Capítulo 1
El marido de Sarah McConell llevaba tres meses muerto cuando ella lo vio en el supermercado. Estaba en el pasillo de artículos de temporada, contemplando una muestra de calabazas de plástico, cuando, brevemente, alzó la cabeza y la miró a los ojos. Allí, en su rostro inalterado, Sarah vislumbró una combinación tan extraña de añoranza e indecisión que su primer impulso fue correr hacia él y estrechar su cuerpo contra esa inolvidable camisa de franela verde. Pero la embargó una sensación tan fría de nerviosismo, de sangre palpitante, que su única respuesta fue una muda parálisis. En los segundos que tardó en recuperar el aliento, él ya había doblado la esquina y se había ido.
Oyó el grito entrecortado antes de reconocer su propia voz: «¡David! ¡Espera!». Luego abandonó el carrito y corrió tras él.
Cuando llegó al final del pasillo y dobló a la izquierda, no vio más que un muro de leche y huevos, mezclado con las caras de desconocidos recelosos. Comprobó de inmediato un pasillo tras otro, sin encontrar nada de nada. Corrió a la entrada de la tienda y buscó en dirección contraria, miró en los pasillos a la izquierda, comprobó las colas a la derecha. Las hileras de papel de cocina, fruta envasada y cajas de cereales nunca le habían parecido tan estridentes; los logos dibujados se mezclaban con sus confusos pensamientos.
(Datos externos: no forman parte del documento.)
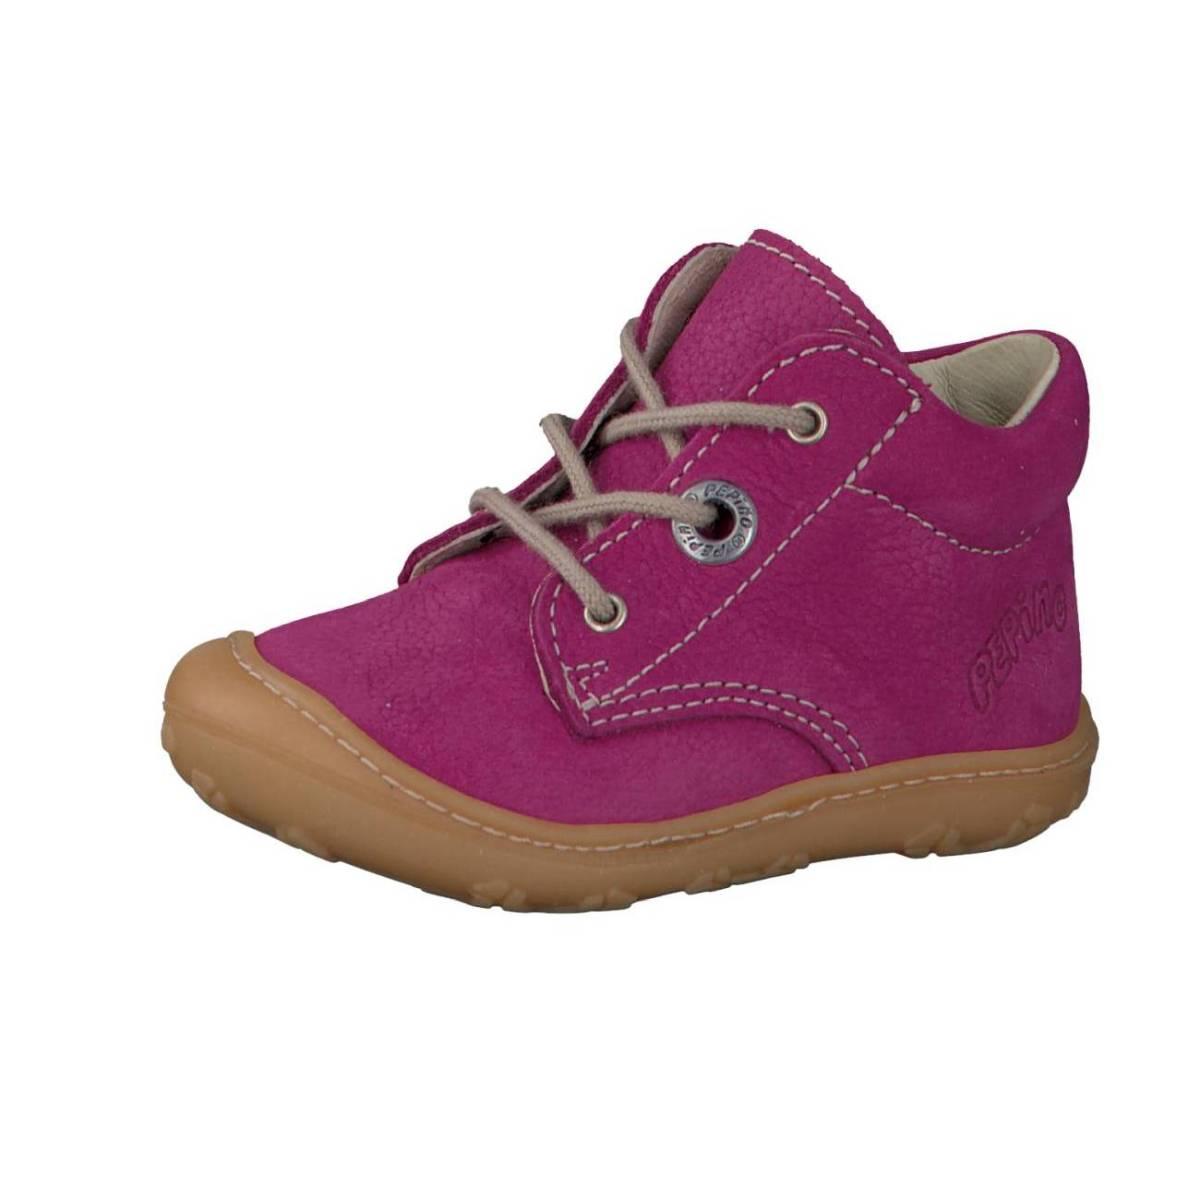 Ricosta Pepino Cory lila pop Lauflernschuhe Stiefelchen Boots Jungen Mädchen

Se apresuró al aparcamiento y gritó de nuevo el nombre de David. Pero entre el puñado de personas que abrían las puertas de sus vehículos y cargaban los maleteros, no había hombres morenos vestidos con vaqueros y franela verde.
Cuando regresó al supermercado, el encargado ya bajaba de su cubículo elevado. Su sonrisa anodina parecía asegurar que ya había visto todo eso antes. Una madre presa del pánico por un niño perdido. Con un reducido equipo de búsqueda, acabarían por encontrar al preescolar errante embobado ante el tanque de las langostas o escondido detrás de una bombona de helio.
—¿Ha perdido a alguien?
Las palabras se demoraron en la cabeza de Sarah.
—Sí. —Había perdido a alguien.
—¿Qué aspecto tiene?
Los ojos oscuros de Sarah seguían escrutando el supermercado. Presentía vagamente que, si se quedaba junto a la salida, le cerraría el paso a David.
—Llevaba su gorra de béisbol de los Yankees.
—¿Cómo se llama?
—David.
—¿Qué edad tiene?
—Cuarenta y tres.
La sonrisa del encargado se marchitó.
—¿Cuarenta y tres?
Sarah se paró a examinar al hombre. Reparó en su negra corbata, la tarjeta roja, blanca y azul con su nombre y su frágil paciencia.
—Es mi marido.
Fue casi cómico, lo rápido que la amabilidad se borró del rostro del hombre. A sus ojos no era ya una madre joven y encantadora, necesitada de un brazo firme. No era más que otra chiflada ruidosa, una mujer madura de expresión desencajada cuyo cabello castaño escapaba de las horquillas plateadas.
—¿Quiere que lo llame por megafonía?
Las palabras eran más displicentes que curiosas. Los pensamientos del encargado ya regresaban a la pantalla de su ordenador.
Sarah se imaginó esperando en Atención al cliente mientras un desconocido llamaba por megafonía a su difunto marido, y gradualmente la histeria empezó a abandonarla. ¿Por qué había venido ella aquí? ¿Qué quería de este lugar?
—No hace falta.
Lo único que deseaba era volver a la tranquila seguridad de su casa.
Al salir de nuevo al aparcamiento, advirtió cuánto había empalidecido el cielo. Las hojas de los arces, tan encendidas dos semanas antes, estaban arrugadas y caían como ceniza. Cuando cruzó la calle, notó el viento de octubre a través del punto del suéter.
Entró en el Volvo ranchera, cerró la puerta, se abrochó el cinturón de seguridad y metió la llave en el contacto. Luego se reclinó en el asiento, cerró los ojos y lloró muy, muy quedamente.